A father-son duo from Fort Rouge is bringing a Pulitzer prize-winning ode to the stage and silver screen to Winnipeg for the first time.

Director George Toles and producer and actor Thomas Toles will premiere American playwright Annie Baker’s play The Flick in Winnipeg on Oct. 18 at the Rachel Browne Theatre.

The nearly two and a half hour production features local actors Ivan Henwood, Jen Robinson, and Aaron Radwanski and runs until Oct. 22. It is produced by Snakeskin Jacket and The 28th Minute.

Supplied photo
Pulitzer prize-winning play The Flick will be staged for the first time in Winnipeg at the Rachel Browne Theatre. The show opens on Oct. 18 and is directed by Fort Rouge’s George Toles. Pictured from left to right: Aaron Radwanski as Avery, Thomas Toles as the Dreaming Man, Jen Robinson as Rose, and Ivan Henwood as Sam.
Supplied photo Pulitzer prize-winning play The Flick will be staged for the first time in Winnipeg at the Rachel Browne Theatre. The show opens on Oct. 18 and is directed by Fort Rouge’s George Toles. Pictured from left to right: Aaron Radwanski as Avery, Thomas Toles as the Dreaming Man, Jen Robinson as Rose, and Ivan Henwood as Sam.

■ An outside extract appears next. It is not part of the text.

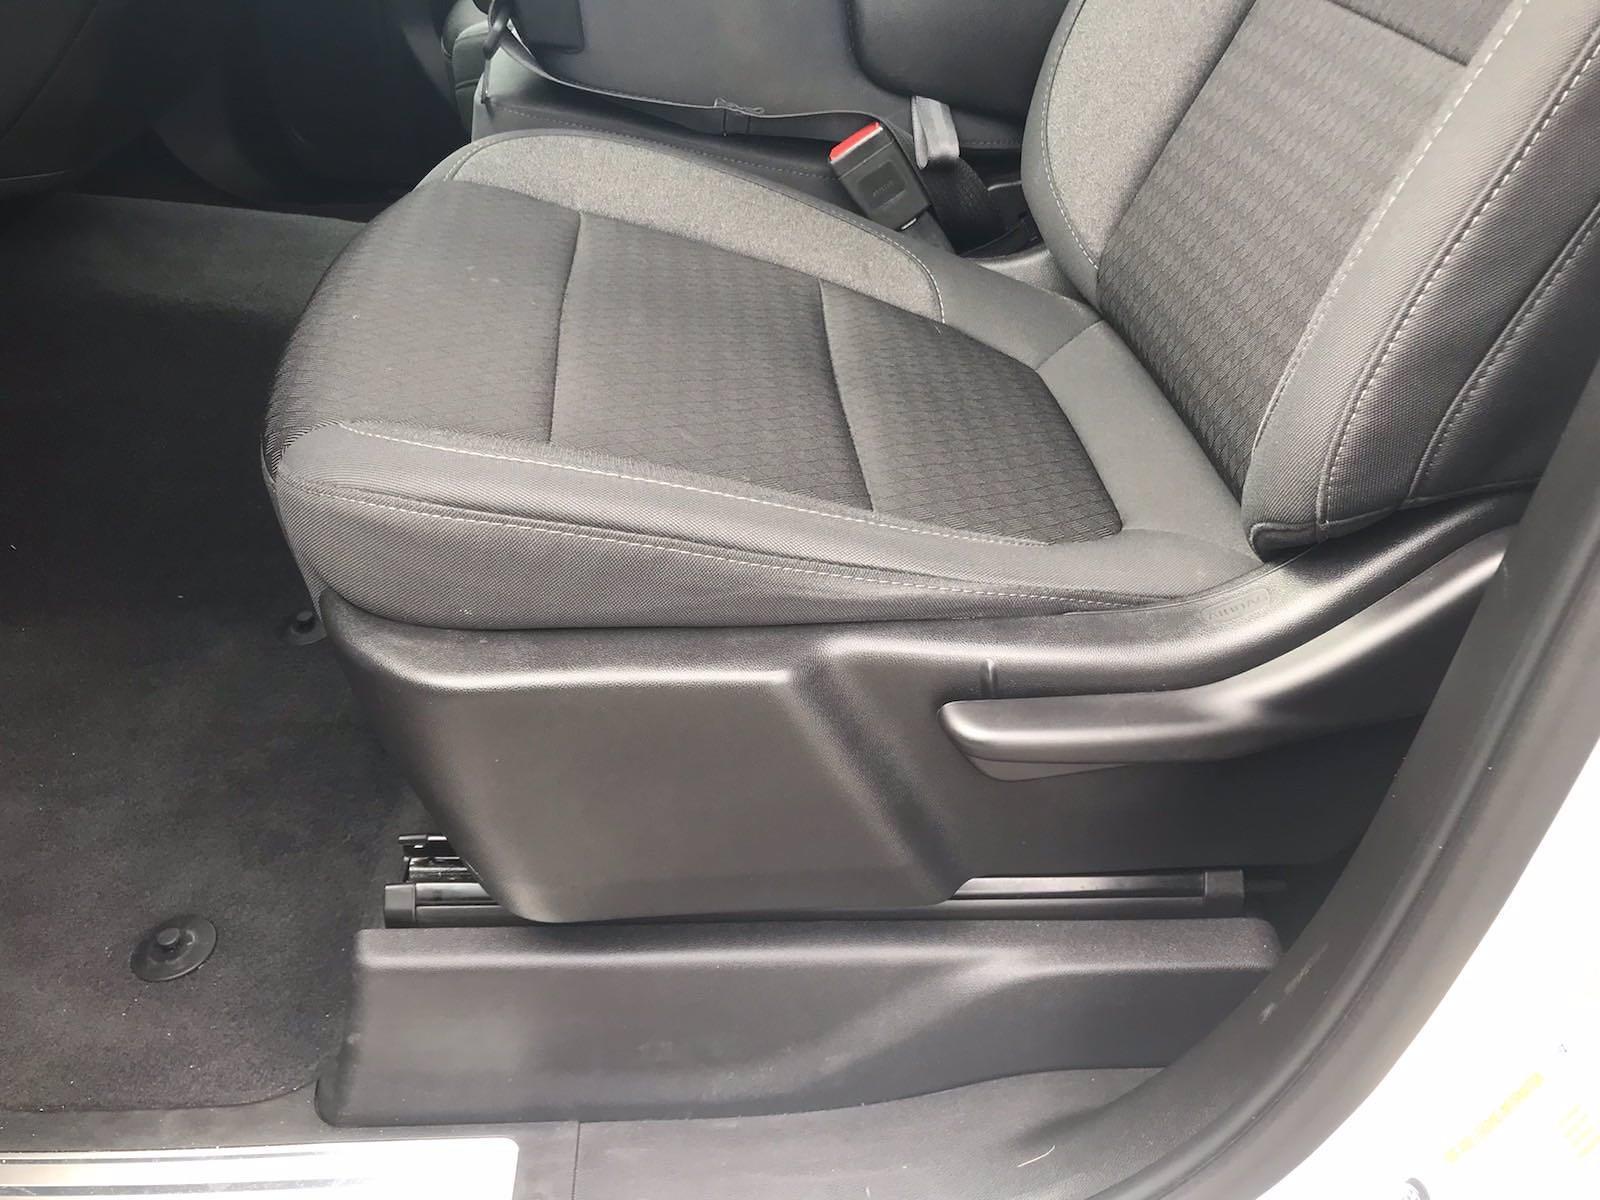 2020 Chevrolet Silverado 1500 Crew Cab 4x4, Pickup #16449PN - photo 23

Awarded a Pulitzer Prize for Drama in 2014, The Flick explores the realms of cinematic fantasy and the mundane through the employees of a struggling movie theatre as they sweep up after the audience has left.

George Toles, a distinguished professor of film at the University of Manitoba, said The Flick has excited many people in the world of theatre and is an evocative yet “user-friendly” play that caused him to rethink what plays are and what they can accomplish.

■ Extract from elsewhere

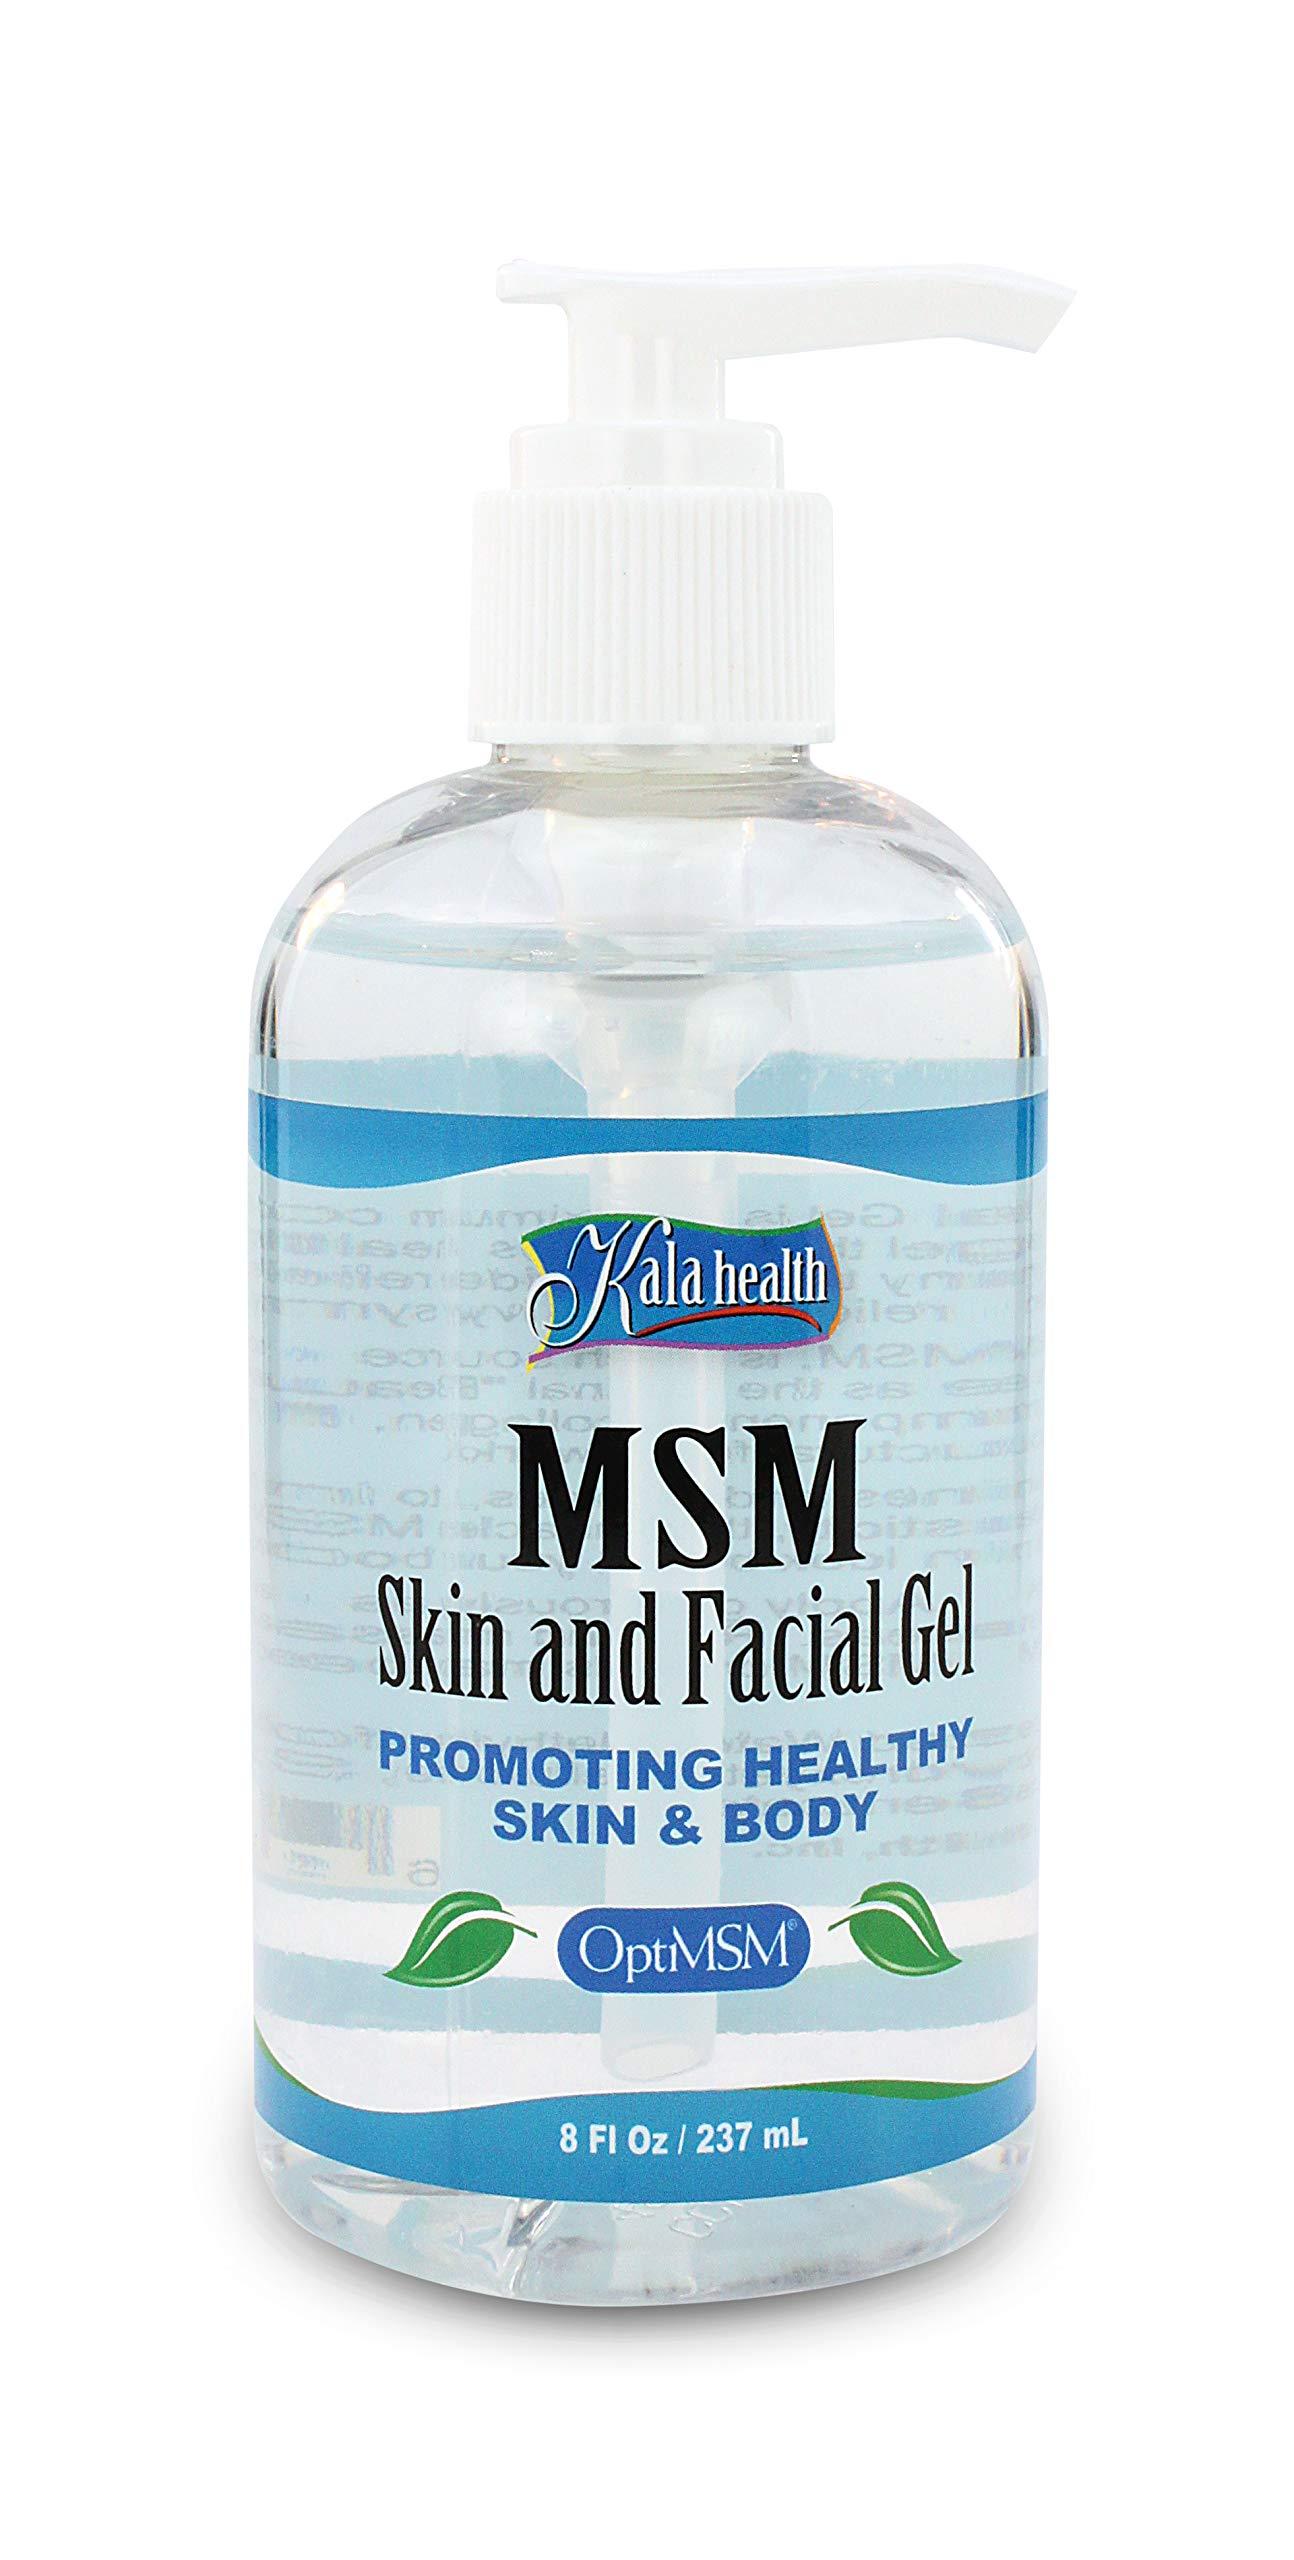 Facial gel with msm

It’s also been a delight for Toles to direct a play that’s set in a movie theatre, saturated with movie references, and characters who are drawing upon movie fantasies that both reward and punish them, he said.

“The play combines two great loves of mine,” Toles said. “It’s a play about movies and cinema, and I’ve been teaching film for decades, as well as theatre.”  

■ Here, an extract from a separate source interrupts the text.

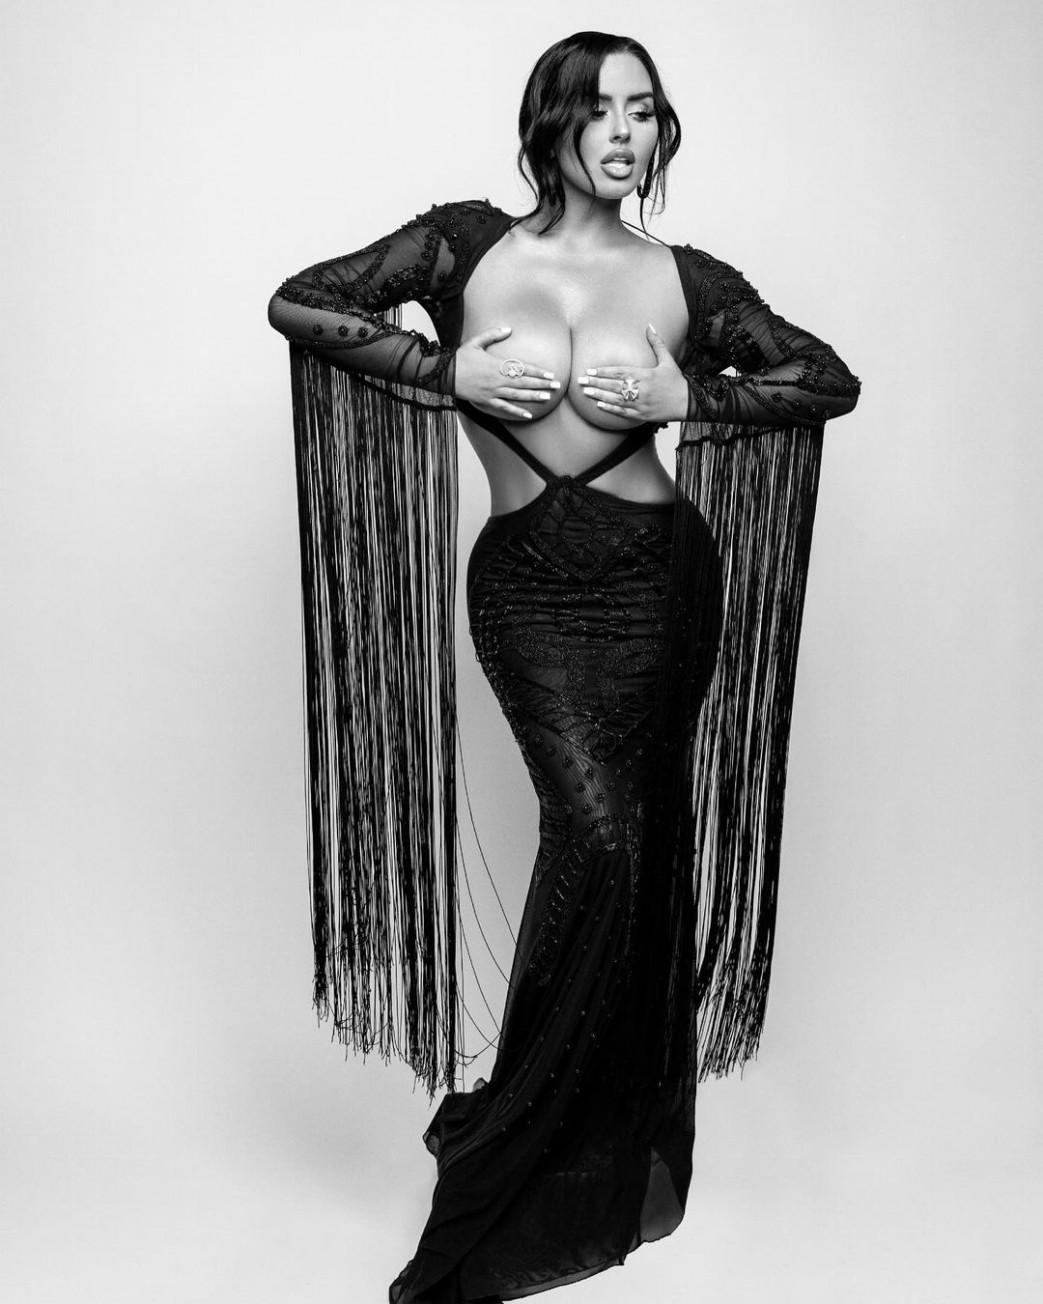 Abigail-Ratchford-Hand-Bra-In-Black-Dress-2.jpg

“I think Annie Baker is as talented and as gifted as any young playwright working,” he added. “There’s a growing sense in American theatre that she’s one of the great hopes to make theatre a place where young people, especially, will feel compelled to go.”

Toles has collaborated with his son Thomas, a Rhodes Scholar and film instructor at the University of Winnipeg, to stage The Flick. Thomas, 26, plays the role of Skylar/The Dreaming Man. According to Thomas, the opportunity to be directed by his dad is an unparalleled experience.

“He just has such a terrific sense of dramatic structure and character understanding and this sort of focus on unique funny and unexpected details in theatre,” Thomas said. “It’s weird that we’re family but I think that I would feel this way regardless.”

When the opportunity arose to bring Baker’s script to life in Winnipeg, Thomas said he jumped on the chance to be involved. Thomas has taught the script at the U of W for a few years and said The Flick is a production desired by audiences in the city.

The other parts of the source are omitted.